I have been writing plays ever since.  I have worked with mainstream theatre companies all over Ireland, with community theatre groups, theatre-in-education, children’s theatre, and actors-in-training. 
Over the years two main strands have appeared in my work.  One strand is comprised of plays that emerged from my own creative imagination, like Wild Harvest, The Hunt for Red Willie, Little Rudolf, and Buck Jones and the Body Snatchers, although all of these have also grown and developed in collaboration with other theatre practitioners.  The other strand is comprised of plays which I have written for specific groups of people, like The Narrow Ground in Belfast, The Beloved and Casa Lisa in Dublin, and The Comer Story and The Lost Prince in Kilkenny; with this kind of writing, the stories, the personalities, and the hopes and fears of the participants are all reflected in the finished product.


FENG SHUI
I first became aware of Feng Shui around 1992, when I read an article by William Spear.  The article led me to a series of workshops in London, and the workshops led me to a professional training programme with William which I shared with a diverse group of students from different parts of the world. 
The more I learned and experimented, the more I recognised Feng Shui as something which I had been doing for years on an intuitive, reflexive, level.  I never take my environment for granted; I always look for the best physical conditions for whatever it is I’m doing, whether that’s writing a play, or running a workshop, or changing a light-bulb.  I also recognised that the Chi, or energy, which Feng Shui harnesses, is the same energy that I have felt when performing on the stage, as I reached out to make a connection with the audience, right to the back row of the auditorium.  It is the same energy that I feel as I imagine the action of a new play.  I respond to the way things sound and the way things look in a piece of theatre, but most of all I respond to the way it makes me feel, at a physical level.  For me, this physical awareness, the kinaesthetic sense, is at the heart of Feng Shui.

THE FIVE TRANSFORMATIONS
When I look back on my experience in Human Resources, the theatre and Feng Shui, it seems to me that there is a common thread which runs through all these areas.
Shortly before I left Irish Life, I completed a large work-based project as part of my HR studies: the focus of the project was technology-related change.  I looked at technological changes that had been introduced into the company over the previous number of years, and I examined the impact these changes had on roles, relationships and the working environment.  At the time, Organisation Development was a favourite phrase among management theorists, and I soaked up a lot of diverse views about the nature of organisational change and the stages it goes through.

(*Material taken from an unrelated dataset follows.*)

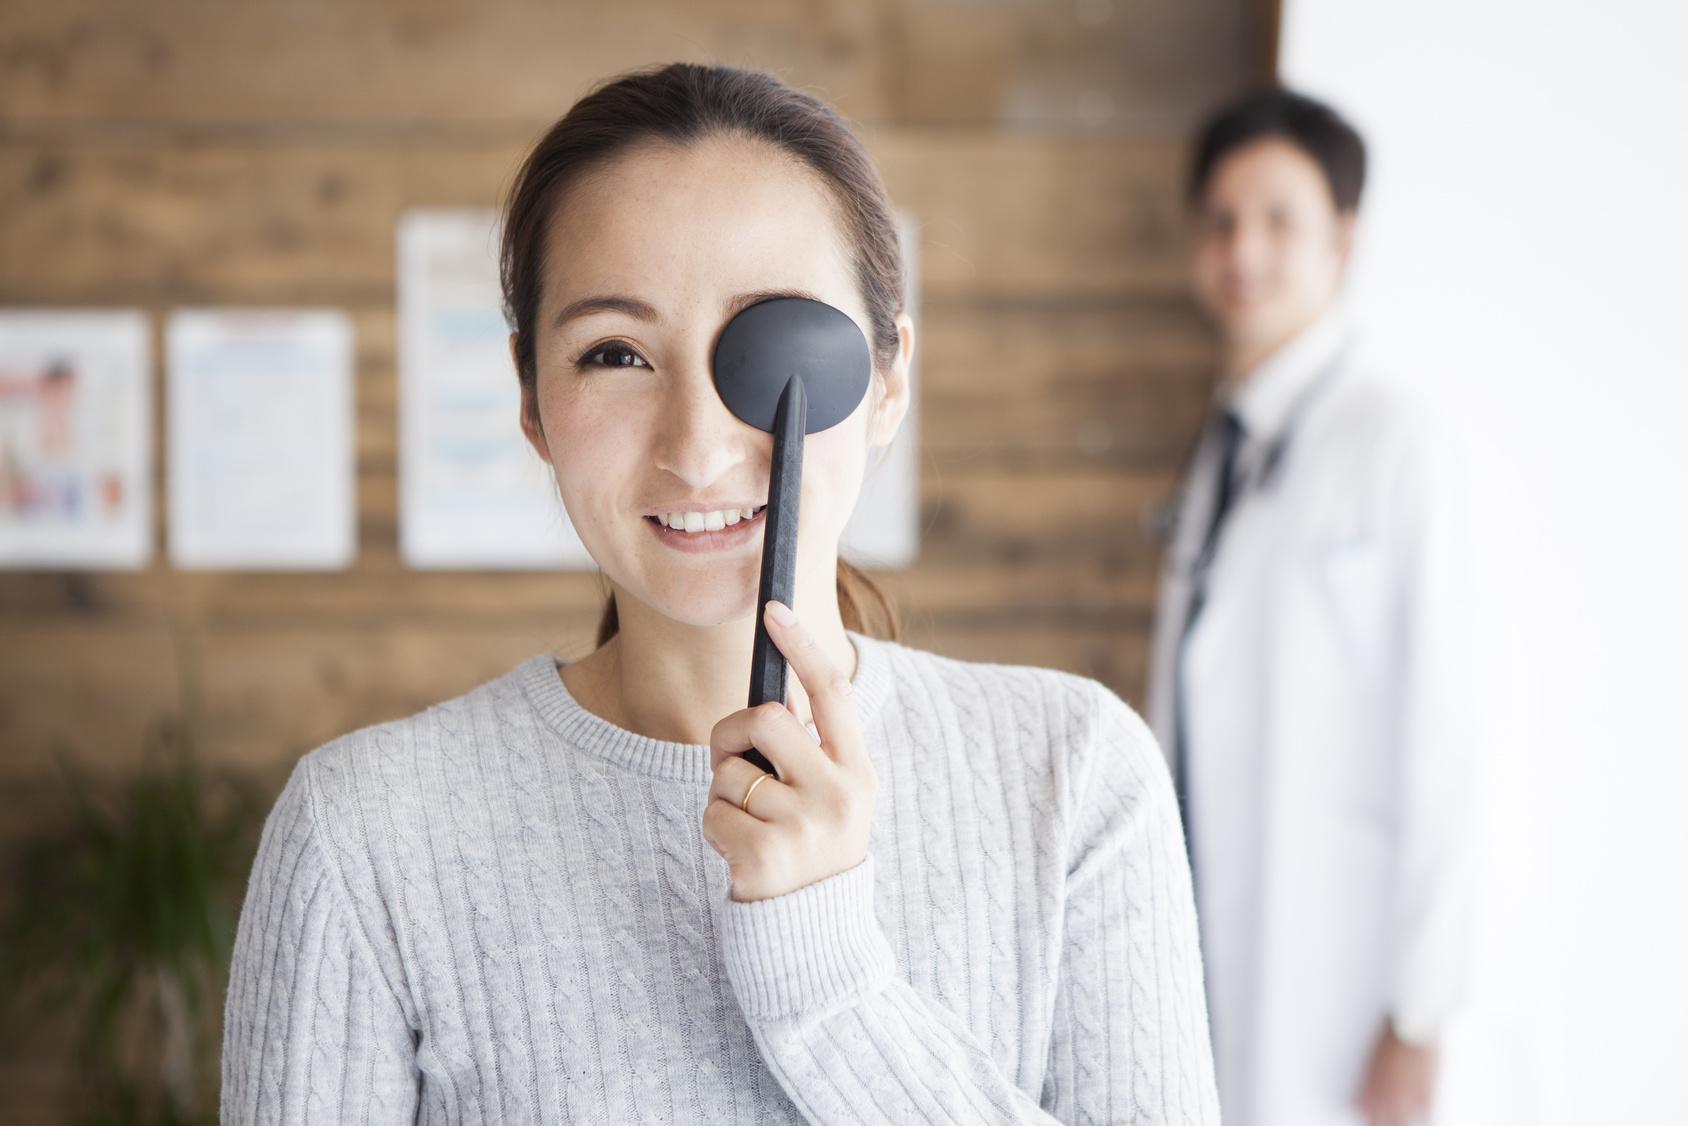 【安心感で比較】レーシック以外の視力回復術4つ
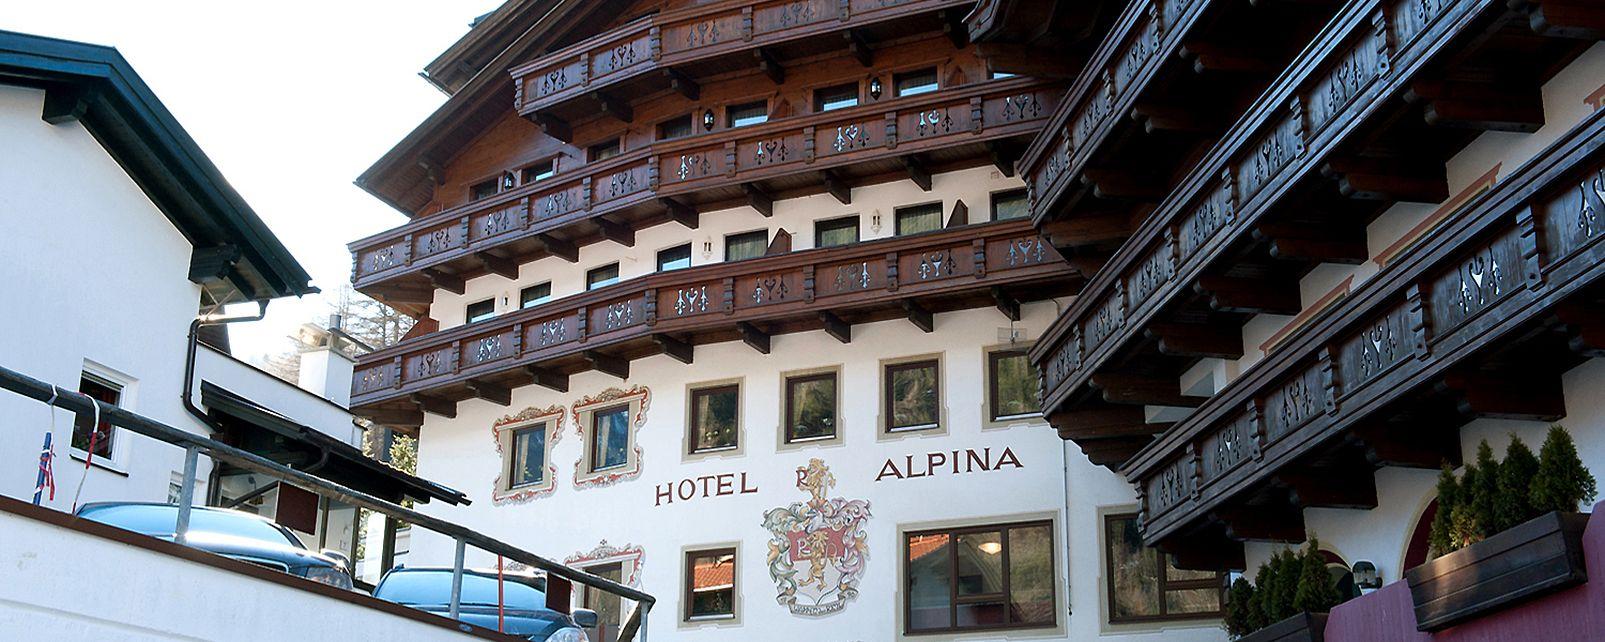 Hotel Alpina Soelden

Later on, as I immersed myself in playwriting, and as I puzzled over the complexity of human emotion and its portrayal in stories, I came across the work of Elisabeth Kübler-Ross and The Grieving Process.  Her description of the five stages of grief sent me running to look again at the traditional five-act play structure, to see the parallels that exist there.
Then, through Feng Shui, I started to learn about one of the key concepts in traditional Chinese philosophy: the Five Transformations.  This is a simple, elegant model of change as it arises in the natural world.  It is a model which can be used to describe the turning of night into day, or the cycle of the seasons, or the stages in a product-development or training process.  It can even chart the various emotional states we go through when confronted with the necessity for change.